§ Recorded data:

————

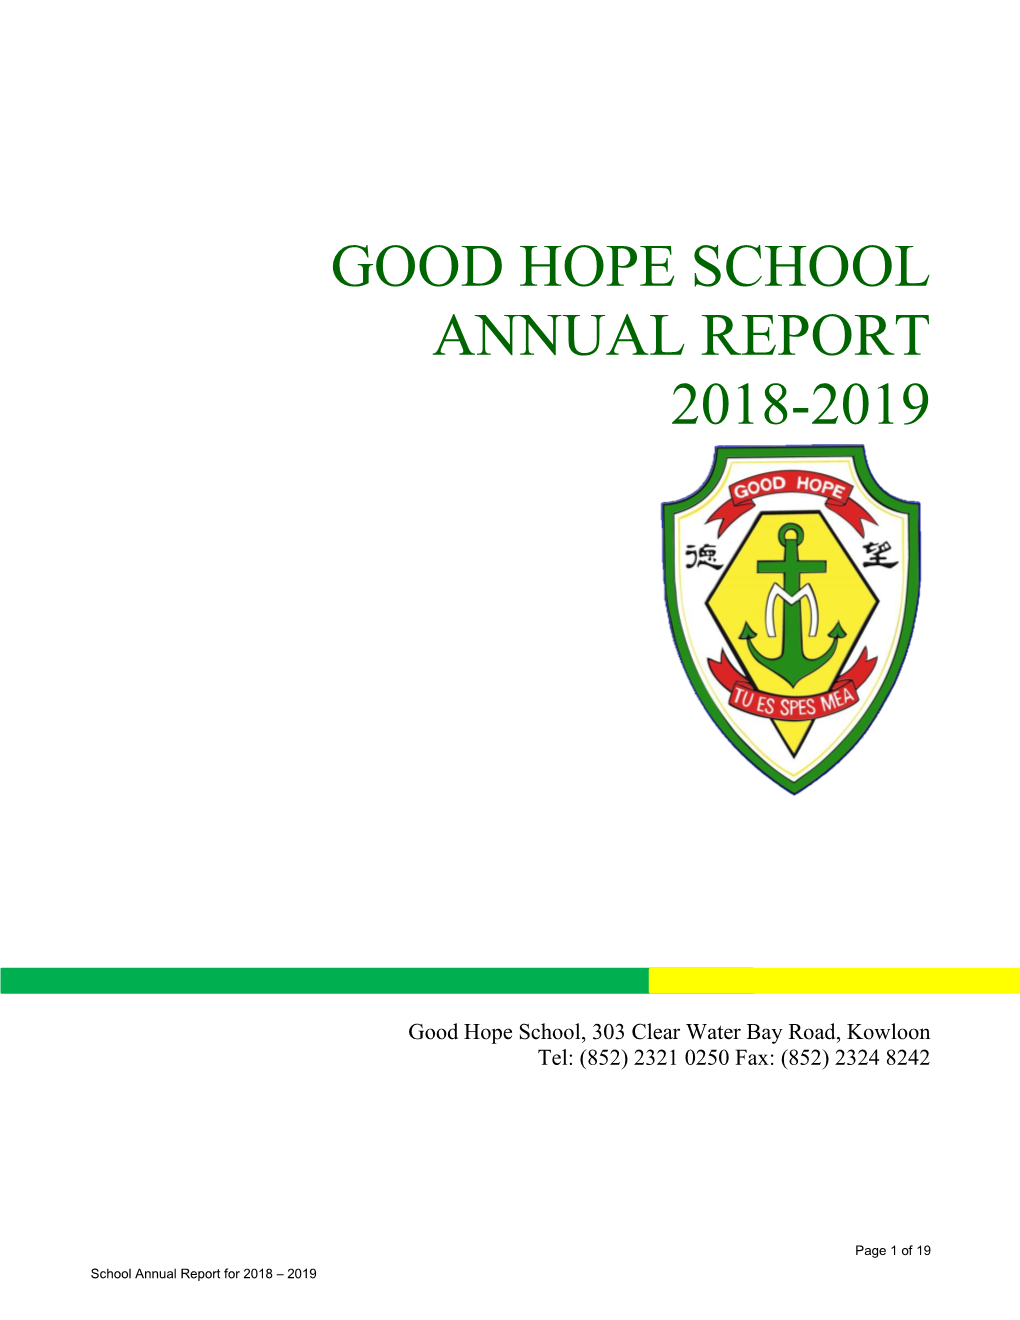 Good Hope School Annual Report 2018-2019
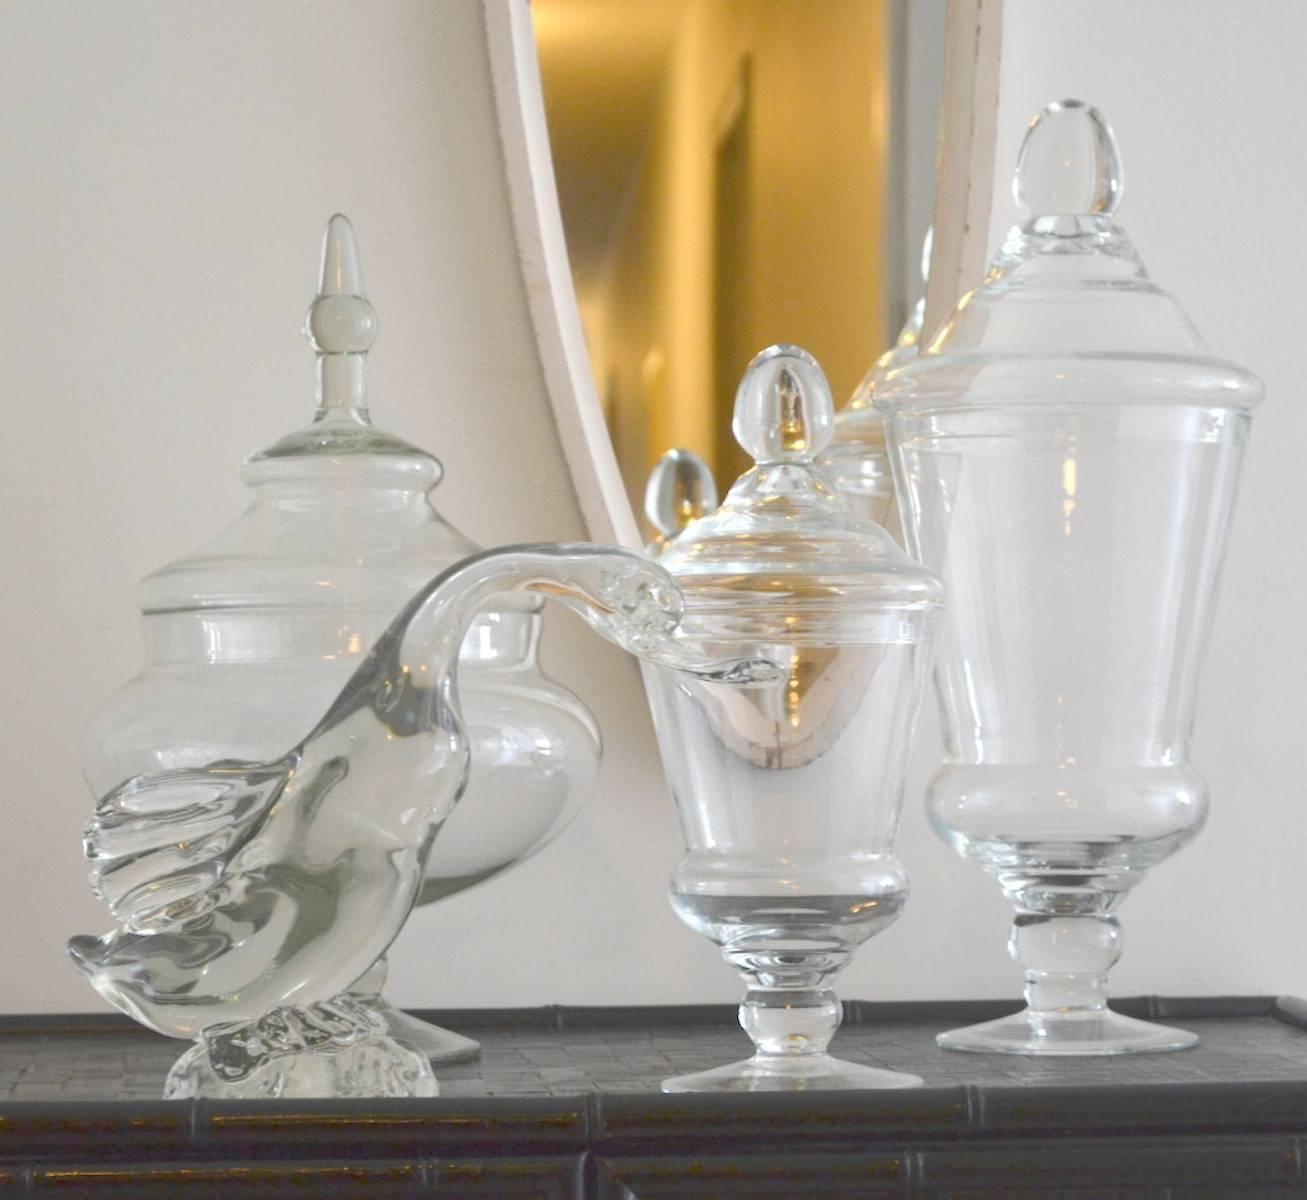 Stunning Mid-Century highly decorative Italian handblown clear glass goose, circa 1950s-1960s.
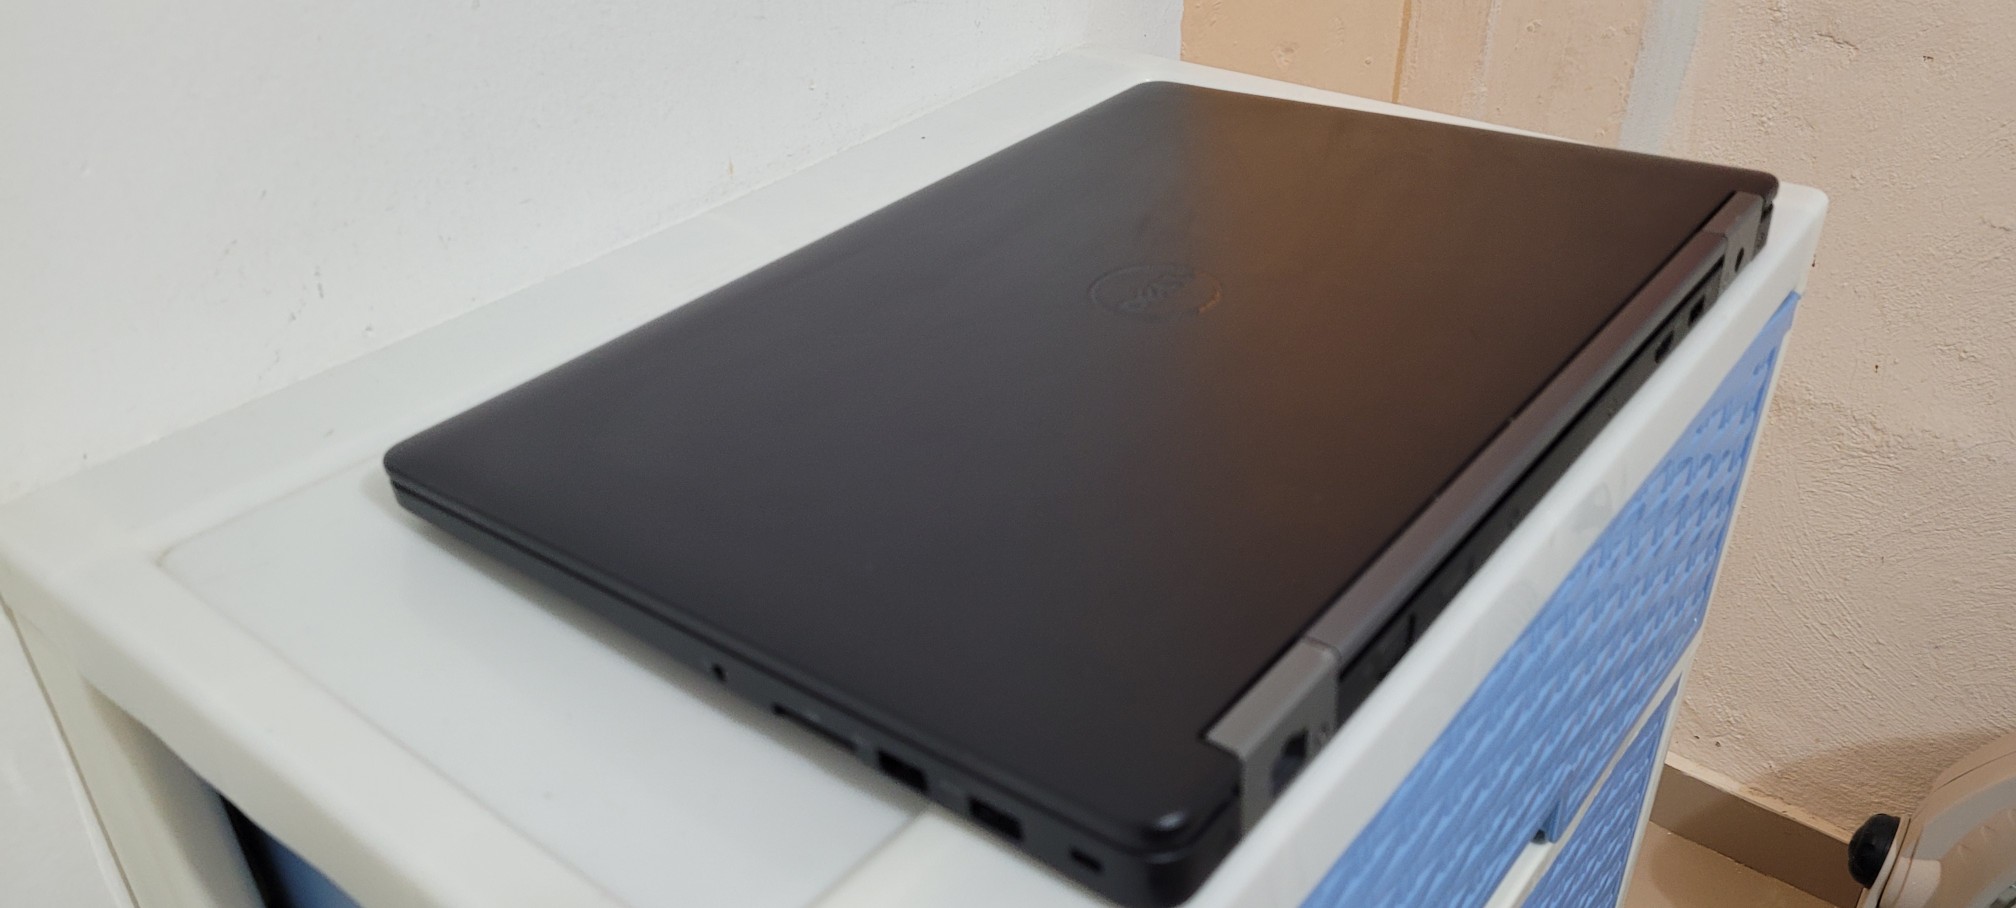 computadoras y laptops - Dell Slim 14 Pulg Core i7 6ta Ram 16gb ddr4 Disco 256gb SSD Solido Video 8gb 2

————

§ Assignment: Return the data above in its exact wording, with none of the pictures.

§ Answer to this task:
 Good Hope School Annual Report 2018-2019
 Stunning Mid-Century highly decorative Italian handblown clear glass goose, circa 1950s-1960s.
 computadoras y laptops - Dell Slim 14 Pulg Core i7 6ta Ram 16gb ddr4 Disco 256gb SSD Solido Video 8gb 2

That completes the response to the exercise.